• THE PROBLEM: All of the data should be repeated exactly; pictures are not part of the copy.

• DATA:
= = = = =

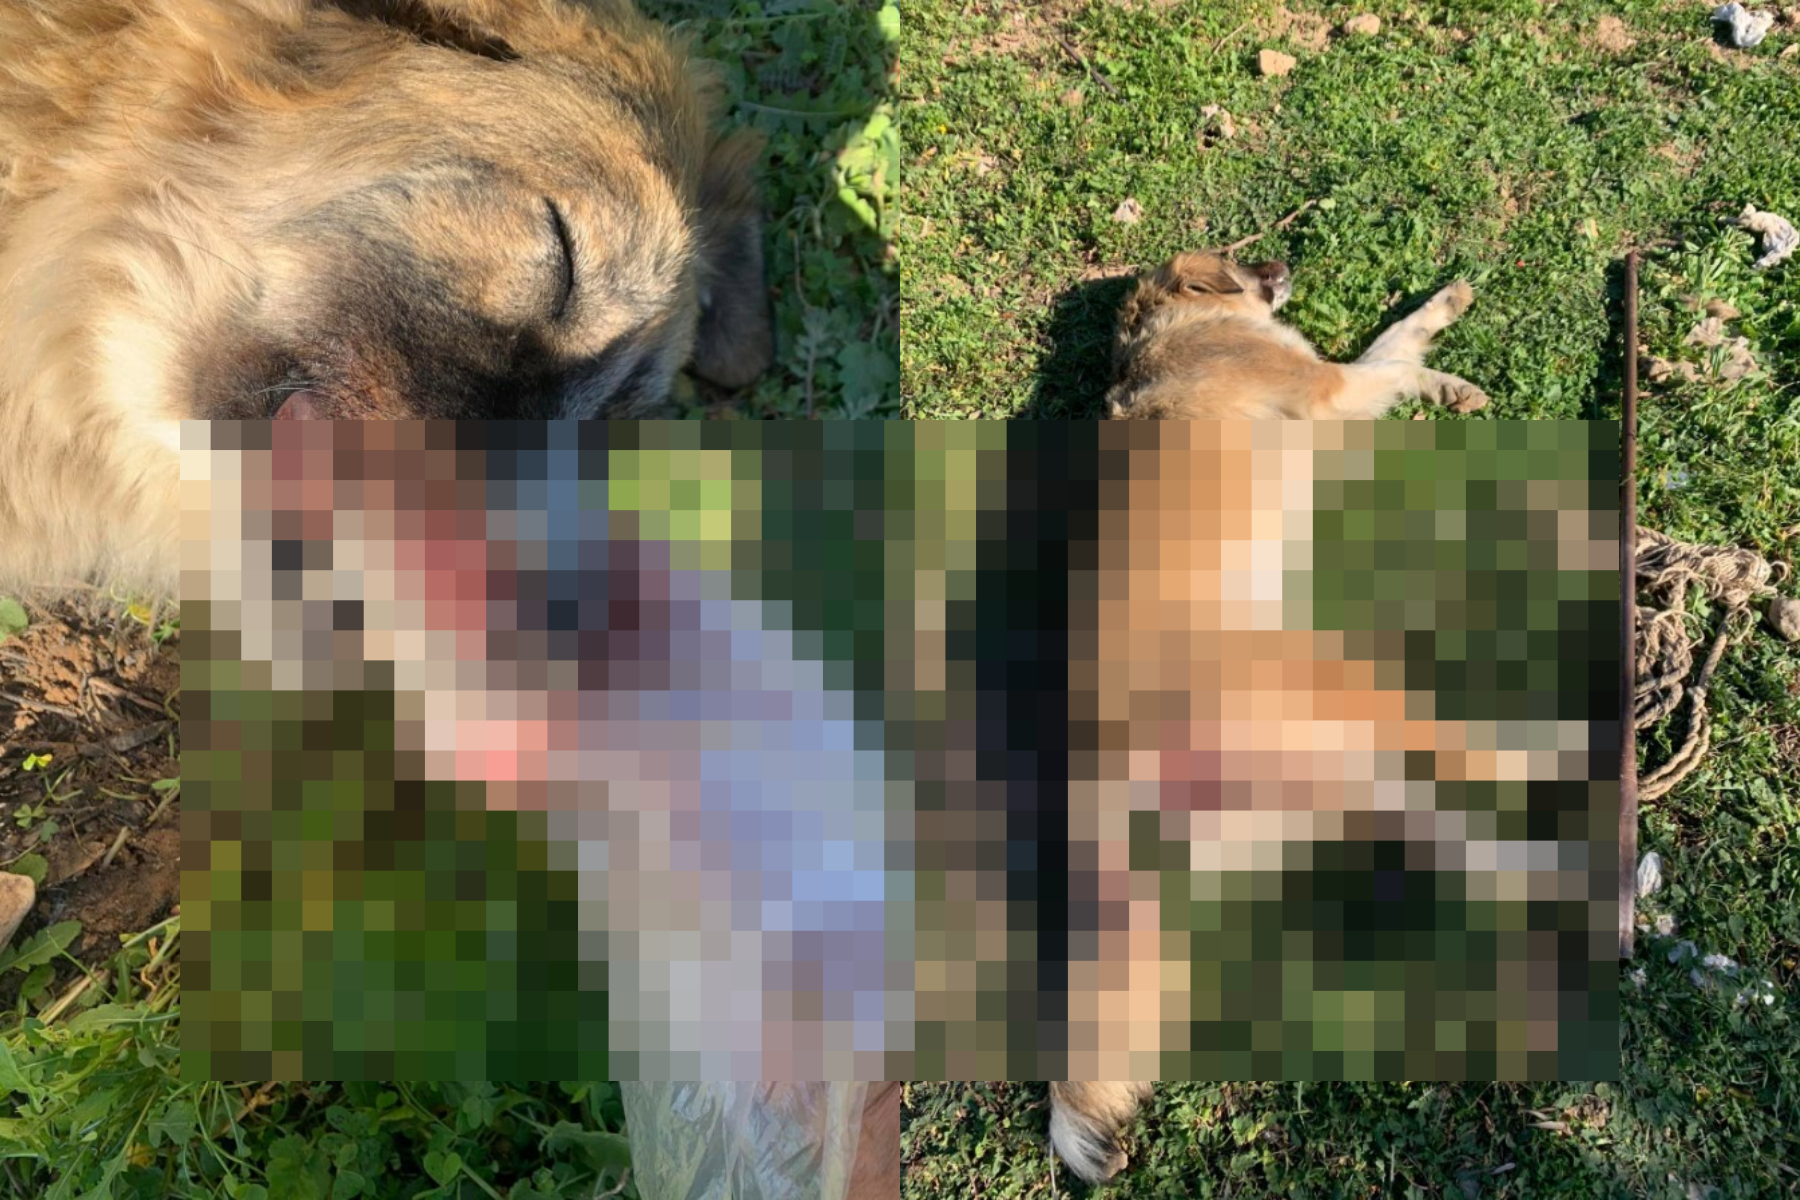 Μέγαρα: Εισαγγελική παρέμβαση για την κακοποίηση και δολοφονία αδέσποτης σκυλίτσας
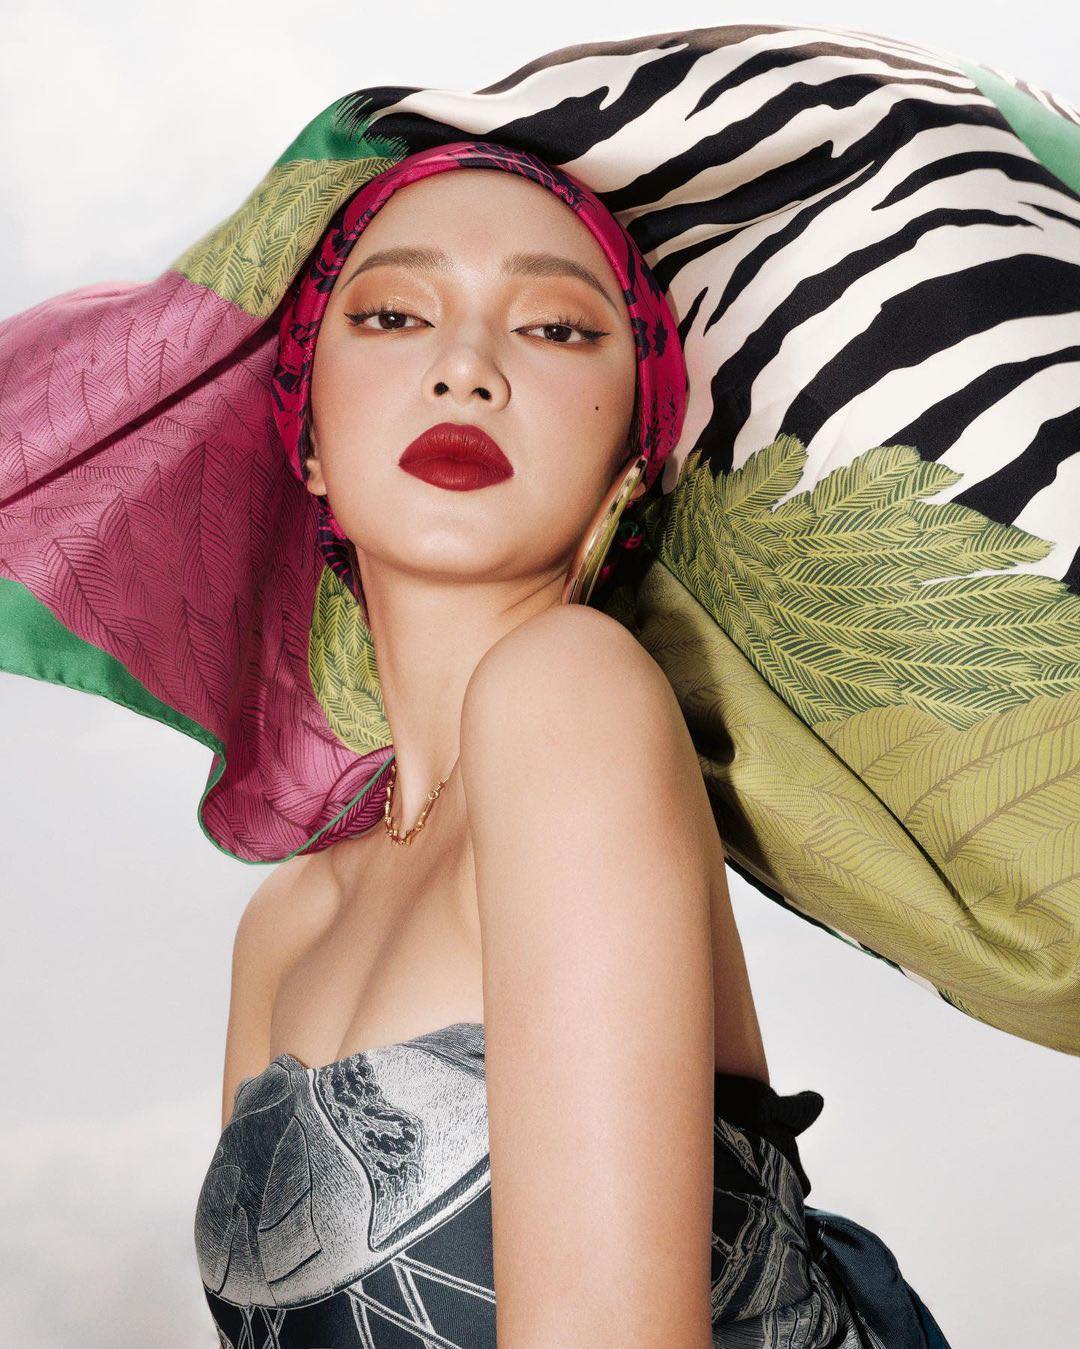 Châu Bùi đang là người mẫu ảnh kiêm fashionista đình đám trong showbiz Việt
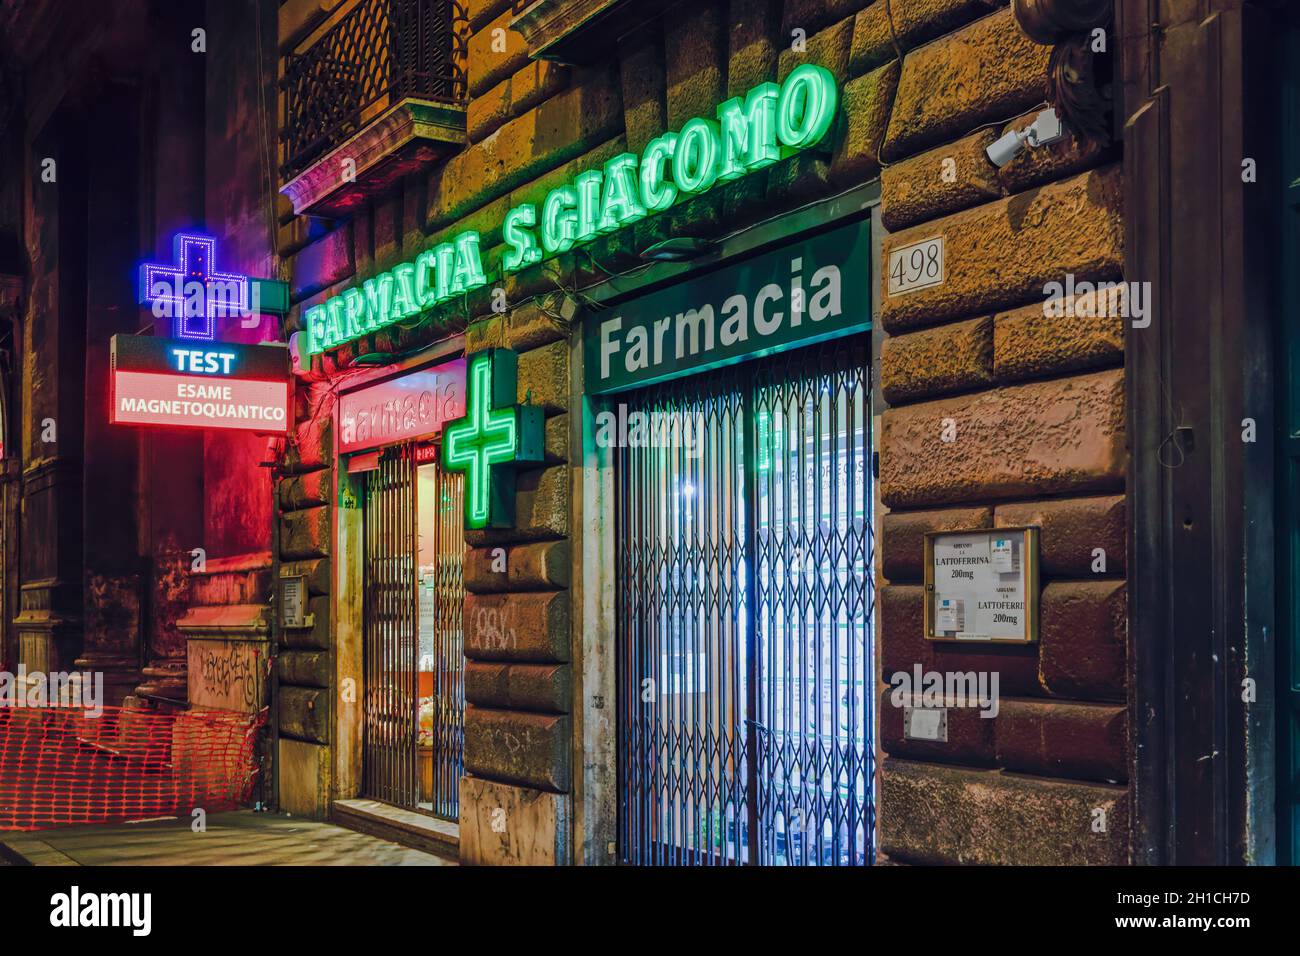 Rom, Italien Öffnen Apotheke Eingang mit Quantum Magneto-Testschild. Außenansicht des italienischen Pharmazeutikladens mit beleuchtetem grünen Display und Schaufenster. Stockfoto
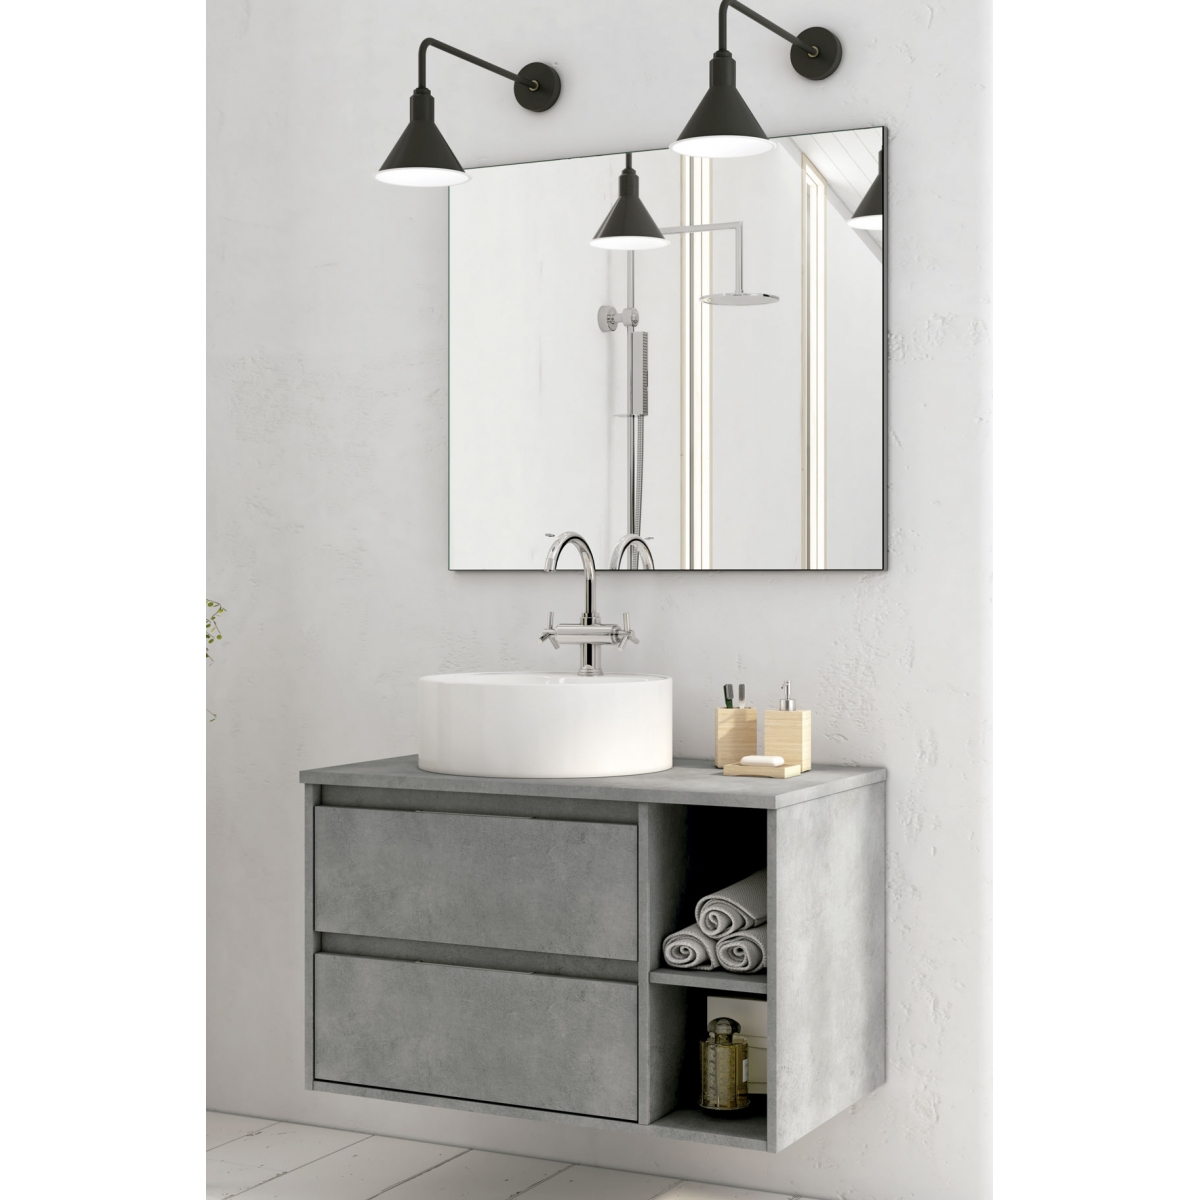 NELLIO - Mueble de baño de pared - Mueble de baño suspendido - Dimensiones  64x30x90 cm - Almacenamiento de baño

= = = = =

• RESPONSE FOR THIS EXERCISE:
 Μέγαρα: Εισαγγελική παρέμβαση για την κακοποίηση και δολοφονία αδέσποτης σκυλίτσας
 Châu Bùi đang là người mẫu ảnh kiêm fashionista đình đám trong showbiz Việt
 Rom, Italien Öffnen Apotheke Eingang mit Quantum Magneto-Testschild. Außenansicht des italienischen Pharmazeutikladens mit beleuchtetem grünen Display und Schaufenster. Stockfoto
 NELLIO - Mueble de baño de pared - Mueble de baño suspendido - Dimensiones  64x30x90 cm - Almacenamiento de baño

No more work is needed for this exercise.